I know this has been discussed in #587, but even though there’s the limitation that the server (by necessity) has to know the client’s password, there are better methods than storing that password in plain text. I explain.

Is your feature request related to a problem? Please describe.

The Subsonic API design is inherently limited regarding modern security practices. Because it requires the server to validate a token (created by the client using md5(password + salt)), the server must have access to the user's plaintext password to recreate the hash and verify the request. Currently, this often leads to storing passwords in plaintext or reversible formats in the database, which is a significant security risk if the database is compromised.

Describe the solution you'd like

I propose implementing a Symmetric Encryption layer (specifically AES-256-GCM) for storing user credentials. The flow would be:

1. Introduce an optional environment variable, e.g., GONIC_MASTER_KEY (a 32-byte string).
2. When a user sets or updates their password, Gonic encrypts it using this Master Key and a unique random nonce (IV) before saving it to the DB. This random nonce can be stored in database with username and password.
3. For Subsonic API calls: Gonic retrieves the encrypted blob, decrypts it in memory using the GONIC_MASTER_KEY, performs the token validation, and immediately clears the plaintext from memory.

Technical Implementation Details

Using crypto/aes and crypto/cipher in Go, we can implement Authenticated Encryption (GCM) to ensure both confidentiality and integrity.
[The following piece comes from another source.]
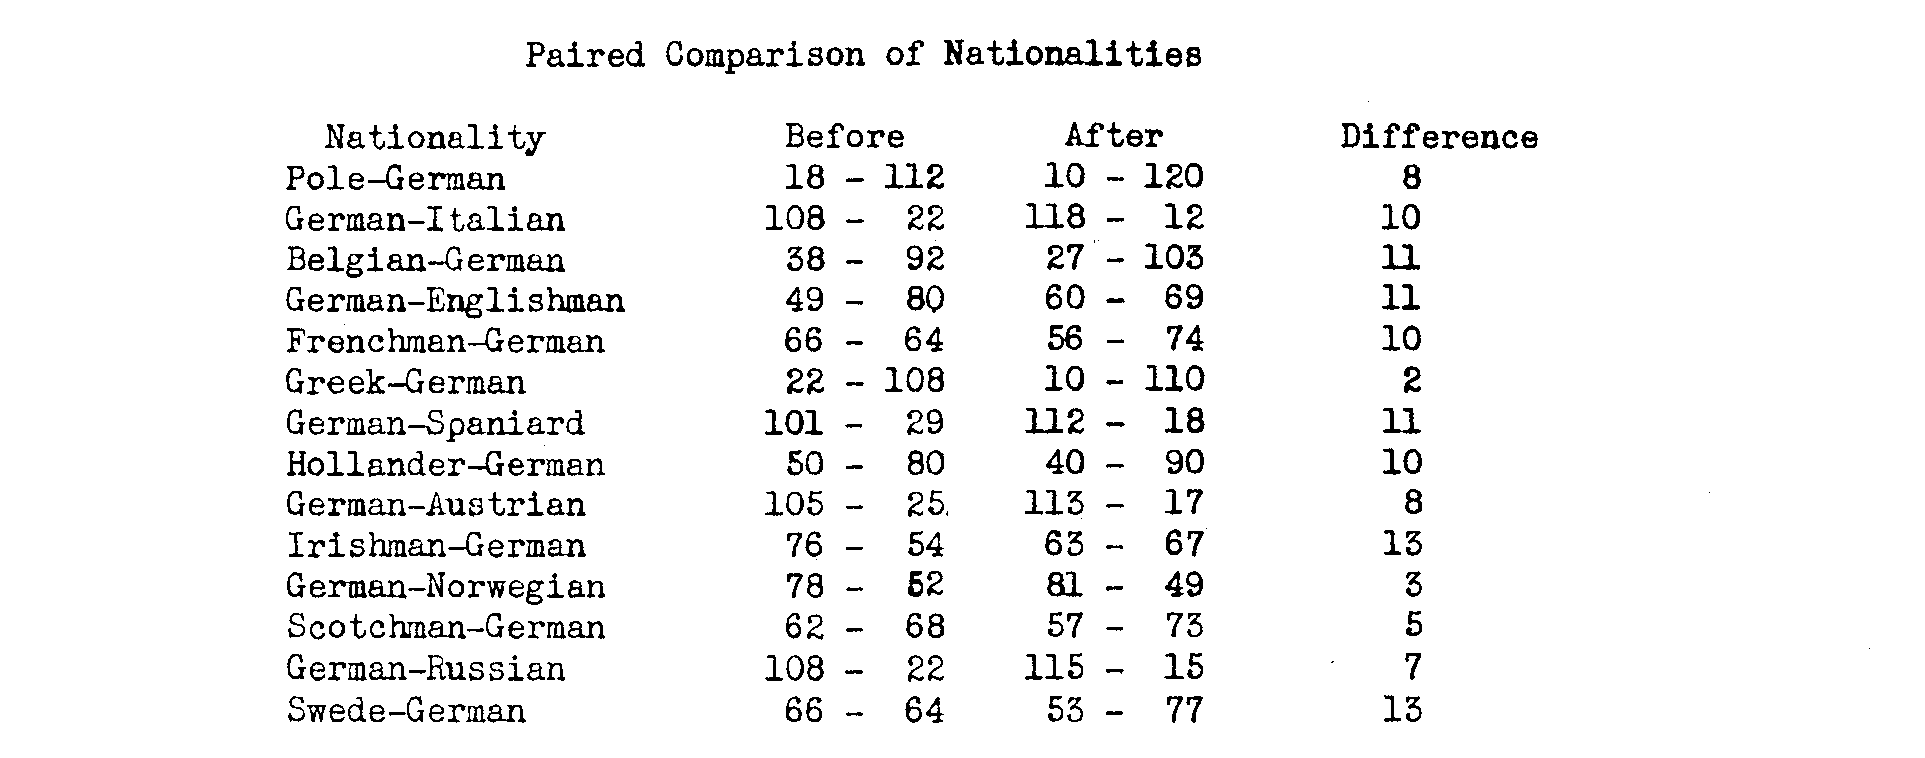  Table contrasting National Prefernces

// Example of how the encryption could be handled func encrypt(plaintext []byte, key []byte) ([]byte, error) { block, _ := aes.NewCipher(key) gcm, _ := cipher.NewGCM(block) nonce := make([]byte, gcm.NonceSize()) if _, err := io.ReadFull(rand.Reader, nonce); err != nil { return nil, err } // Concatenate nonce + ciphertext return gcm.Seal(nonce, nonce, plaintext, nil), nil }

Implementation Strategy (Backwards Compatibility)

To avoid breaking existing installations, I suggest the following:

1. Default Key: If GONIC_MASTER_KEY is not set, use a hardcoded internal string (clearly documented as insecure).
2. Auto-Detection: When fetching a password from the DB:
   Try to decrypt it using the GONIC_MASTER_KEY.
   If decryption fails (e.g., due to an invalid GCM tag), assume it's an old plaintext password for compatibility.
3. Migration: On every successful login, if the password was in plaintext, automatically encrypt it and save it back to the DB using the Master Key.
4. Warning: Display a startup warning if the default key is being used, encouraging users to set their own.

Side note: Users must be warned that losing the GONIC_MASTER_KEY means all Subsonic-compatible passwords stored in the database will be lost and must be reset manually.

Describe alternatives you've considered

• Scrypt/Bcrypt: Not viable for Subsonic's token/salt authentication as they are one-way hashes.
• Plaintext: Current (or common) state, but risky for production environments.

Additional context

This approach follows the principle of "Separation of Concerns": even if an attacker gains access to the database (SQL injection or backup leak), they cannot recover any passwords without the GONIC_MASTER_KEY stored in the server's environment variables.